Kirana dan Fachri duduk ditaman belakang, mereka diijinnkan berbicara berdua untuk membicarakan masalah penting yang mereka hadapi saat ini.
"Kamu dirumah baik-baik aja kan Na?" tanya Fachri memulai obrolan mereka.
"Tentu saja, kamu sendiri bagaimana Kak? Aku dengar kamu tidak kembali ke rumah, kenapa Kak?"
"Mama sama Papa ngadu ke kamu?" tanya Fachri.
"Kalau iya kenapa?"
"Ya... gak kenapa-kenapa, cuma kasian sama mereka aja. Terutama Mama yang hampir setiap hari menunggu kamu pulang, masak makanan kesukaan kamu, dabl Papa juga selalu menunggumu untuk makan malam. Tapi sayangya kamu gak pulang, kan mereka jadi kecewa."
"Bukan aku tidak mau pulang kerumah Na, aku juga tidak mau mengecewakan mereka. Tapi, kamu tau sendiri dirumah sekarang tidak cuma ada mereka,tapi juga ada seseorang yang aku benci didalam hidupku."
"Luna?"
"Jangan sebut namanya dihadapanku Na... jangankan melihat wajahnya, namanya saja aku tidak mau mendengar seseorang menyebutnya."

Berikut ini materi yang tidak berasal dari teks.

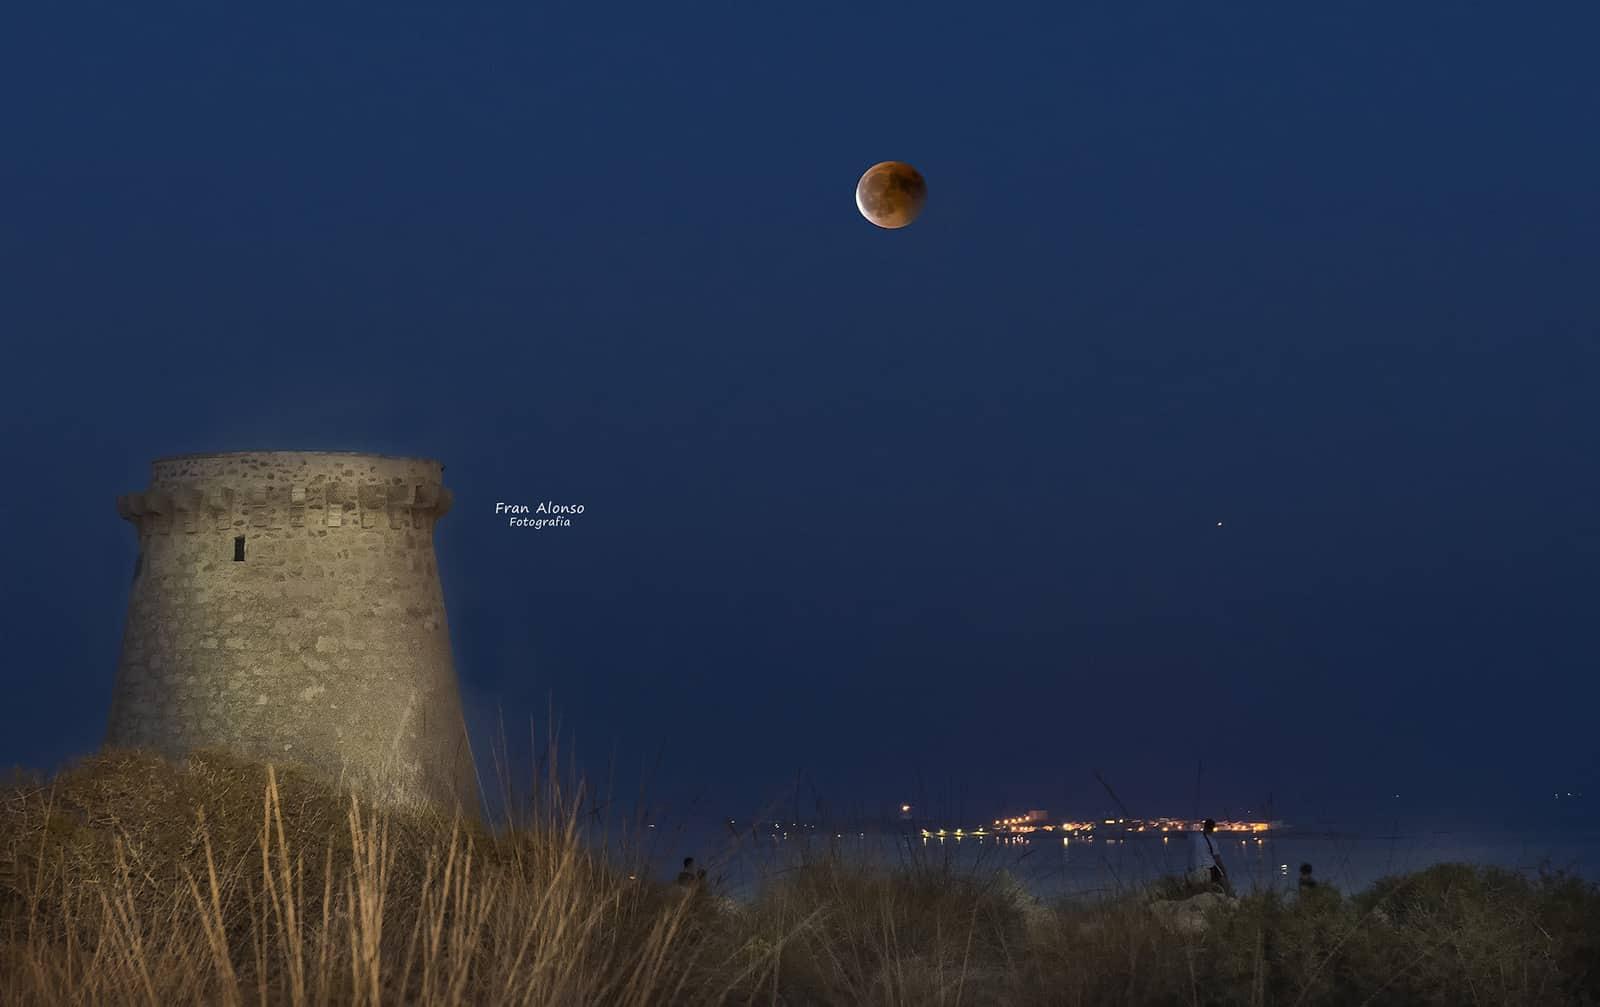 1532818533_luna eclipse moon 2

"Sampai kapan kamu akan seperti ini?"
"Sampai dia pergi dari kehidupanku, dan tidak lagi mengganggu kehidupan kita."
"Kita?"
"Ya.... kamu dan aku, aku ingin pernikahan kita dilaksanakan sesuai jadwal yang telah kita sepakati."

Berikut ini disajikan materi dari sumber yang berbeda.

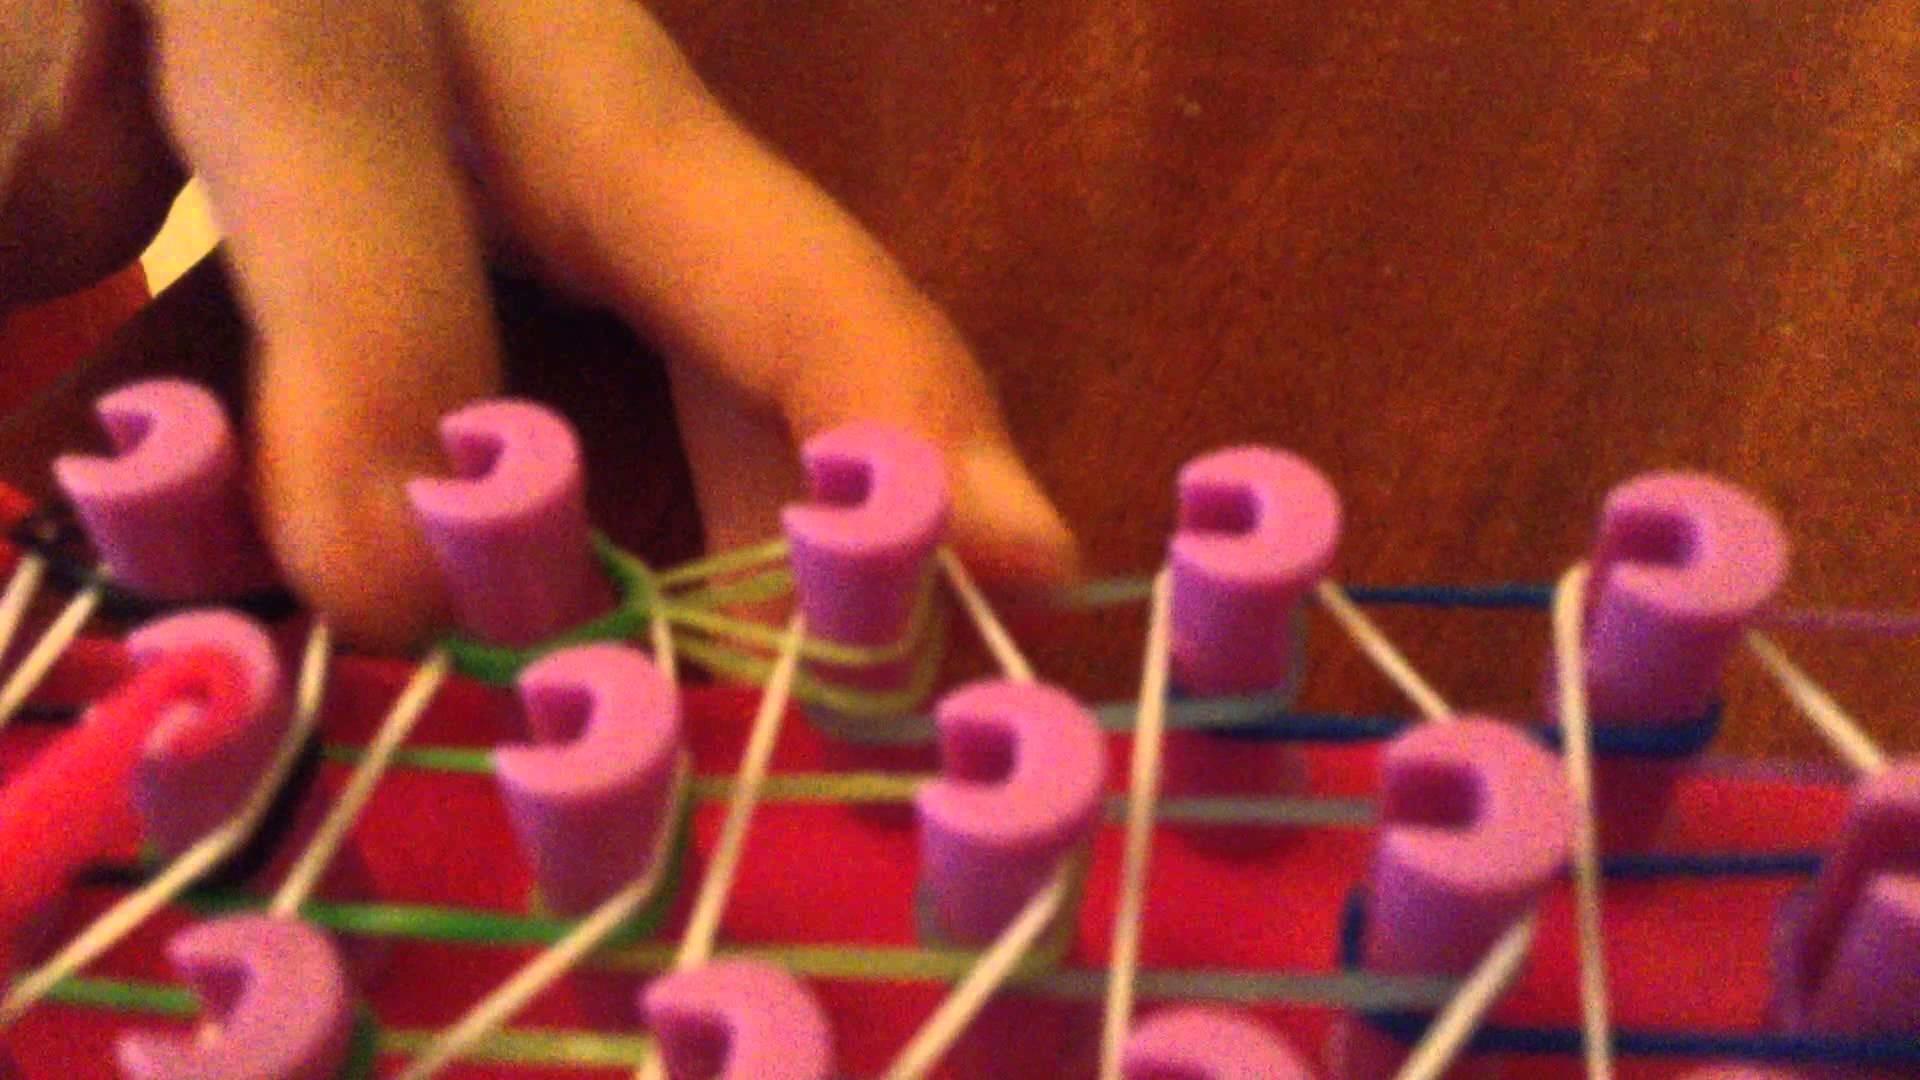 Rainbow loom italiano tutorial #001

Kirana tersenyum. "Selesai dulu masalah ini, baru kita membicarakan masalah kedepannya."
"Tapi kapan Na... aku lelah, kenapa harus kita. Kenapa bukan yang lain saja."

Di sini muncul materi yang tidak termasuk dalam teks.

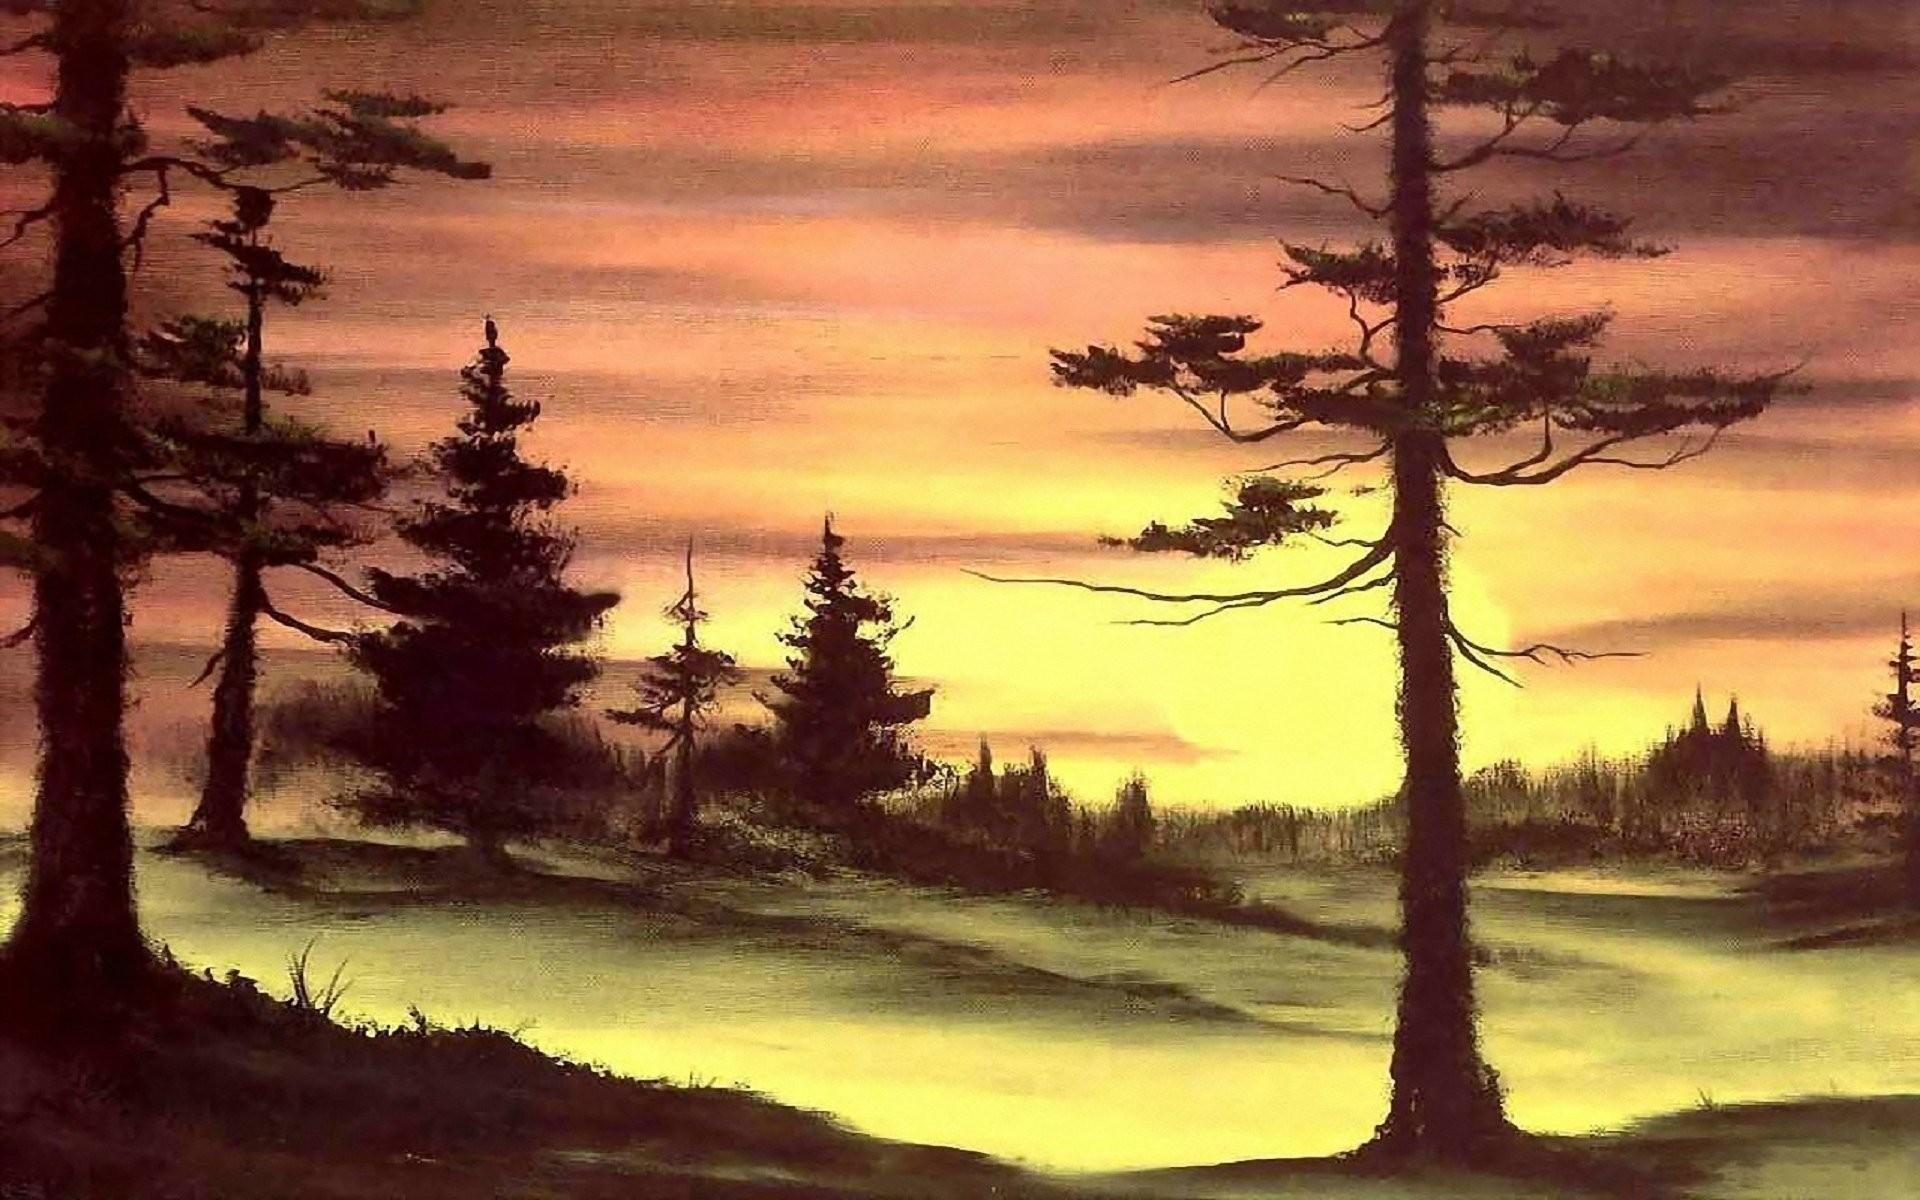 painting bob ross bob ross pattern nature sunset sun forest tree

Fachri meletakan kepalanya kepundak Kirana, gadis itu ingin menghindar, terlambat kepala Fachri telah lebih dahulu mendarat dipundaknya.
"Kalau kamu lelah.... kamu masih boleh mundur kok Kak." ucap Kirana tersenyum.
"Maksud kamu?"
Kirana menghela napas. "Sekarang masih belum terlambat, jika kamu ingin mundur dan membatalkan semuanya."
Fachri terbelalak mendengar penuturan Kirana. "Maksud kamu, kamu ingin ninggalin aku gitu?"
"Gak gitu Kak, maksud aku..."
"Na... kenapa kamu jadi begini, aku hanya ingin kamu menunggu sampai aku bisa membuktikan pada semuanya tentang kesalapahaman ini." seru Fachri mulai emosi.
"Kapan Kak, kapan kamu akan menyelesaikannya. Semua orang juga butuh kepastian, Ummi, Daddy, Mama, Papa, dan seluruh keluarga besar kita."
"Tapi tidak dengan cara seperti ini Na..." suara Fachri meninggi membuat para orang tua menoleh ke arah mereka.
Kirana masih tetap tenang menghadapi amarah Fachri.
"Kak, kamu ingat dengan ucapan Daddy kan? Satu minggu sebelum hari H, sekarang hanya tinggal beberapa minggu lagi. Setelah itu..." Kirana menggantung kata-katanya.
Setelah itu apa Na.... apa yang Daddy katakan setelah lewat dari seminggu itu Na?"
Kirana kembali menghela napas panjang.
"Daddy.... Daddy akan mengirim ku kembali ke Swiss."
"Apa?" seru Fachri lagi.
Kirana menganggukan kepalanya.
"Tidak boleh.... aku tidak akan mengijinkan."
"Kenapa tidak boleh?" ucap Kirana menahan senyum.
"Sebab jika kamu pergi kesana, maka kamu akan menemukan seseorang disana dan orang itu akan membuatmu jatuh cinta padanya, dan dia nanti nya akan meminta mu untuk menikah dengannya."
Kirana terkekeh....
"Kenapa kamu tertawa, apa ada yang lucu?"
"Kamu..."
"Aku?" Fachri menunjuk dirinya sendiri.
"Iya.... pikiran kamu terlalu jauh Kak."
"Jauh bagaimana, pasti akan seperti itu kejadiannya."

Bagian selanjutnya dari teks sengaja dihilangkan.